All this might actually reduce the UK’s greenhouse gas emissions – if the rise in electricity consumption can
be halted. It might also encourage development of new renewable technologies. If nothing else, it should
improve the grid energy mix and reduce the nation’s dependence on oil and gas.

But this initiative is not without its problems. As fuel prices soar, greening the power supply is likely to push
up energy costs still further. The main problem, as Paul Goby, chief executive of energy supplier E.On,
highlights is that we would probably require 45GW of conventional back-up for 50GW of renewables for
when the wind stops blowing.

That is why a German plan for a European renewables super-grid deserves serious consideration. It is part
of a radical plan to turn deserts into huge solar thermal power stations that could provide Europe with up to
20% of its electricity.
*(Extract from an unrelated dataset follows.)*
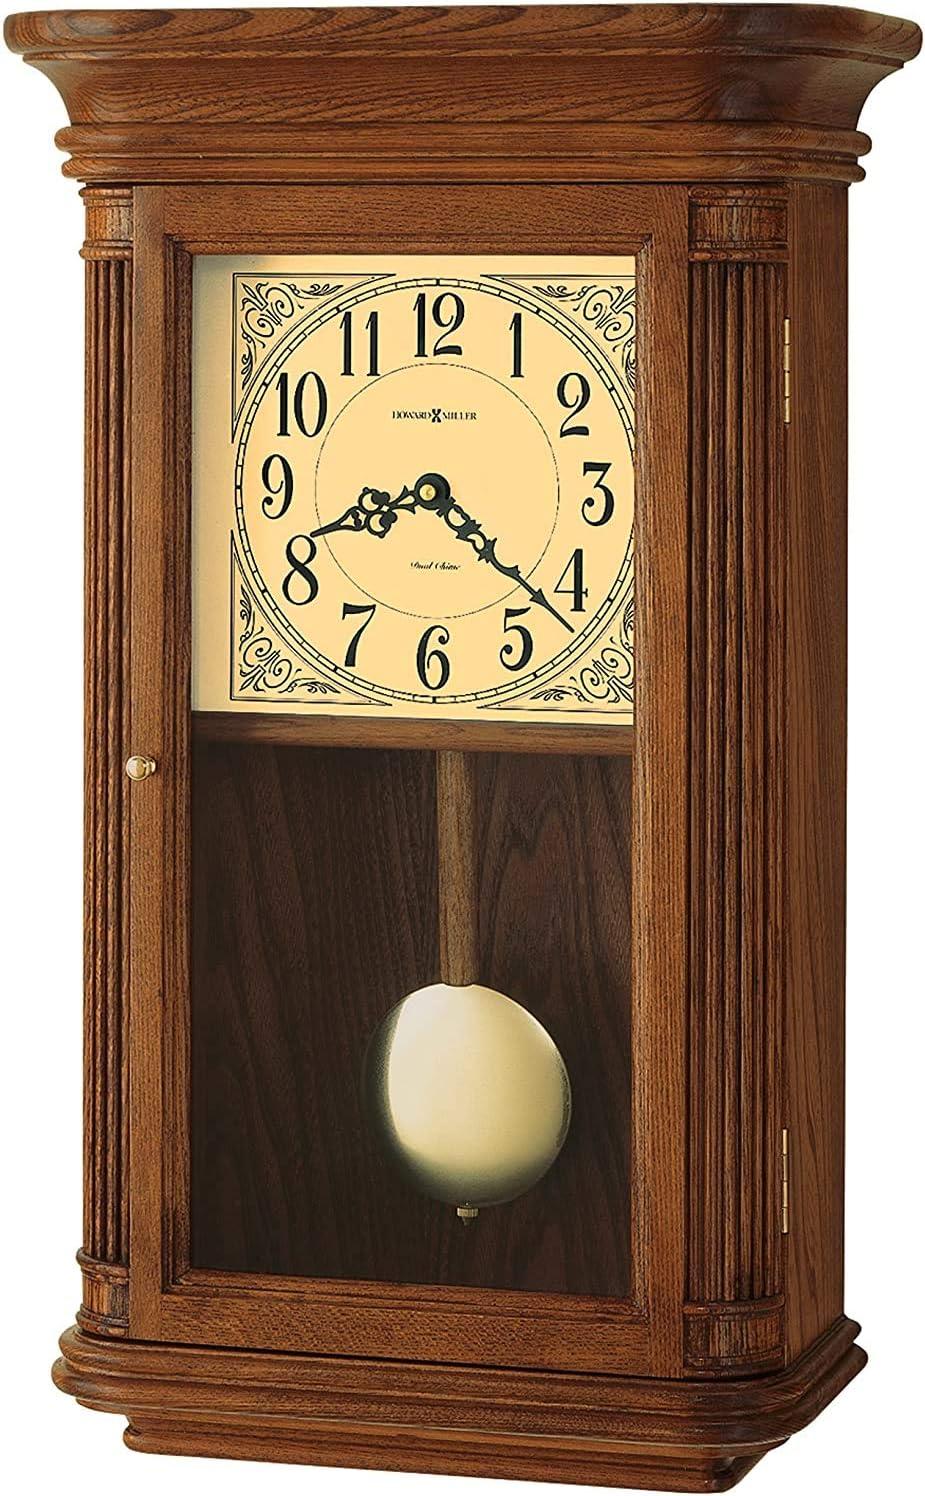 Howard Miller Westbrook Wall Clock 625-281 – Oak Yorkshire Home Decor with Wood Pendulum, Brass Bob with Quartz, Dual-Chime Movement

These desert stations would be linked to other sustainable power generation centres
throughout Europe, such as Britain’s new legions of offshore wind farms or hydro-electric power in
Scandinavia. This would avoid over-reliance on one or two countries as providers and on a particular
renewable energy source.

Last December ministers from Europe, the Middle East and North Africa agreed a six-year action plan.
Meanwhile the UK government looks set to embark on a series of new coal-fired and nuclear power
stations. The holistic approach to renewables and the case for a super-grid is particularly compelling for the
UK. All that is needed is a vision and government leadership. Now that would be a bold commitment.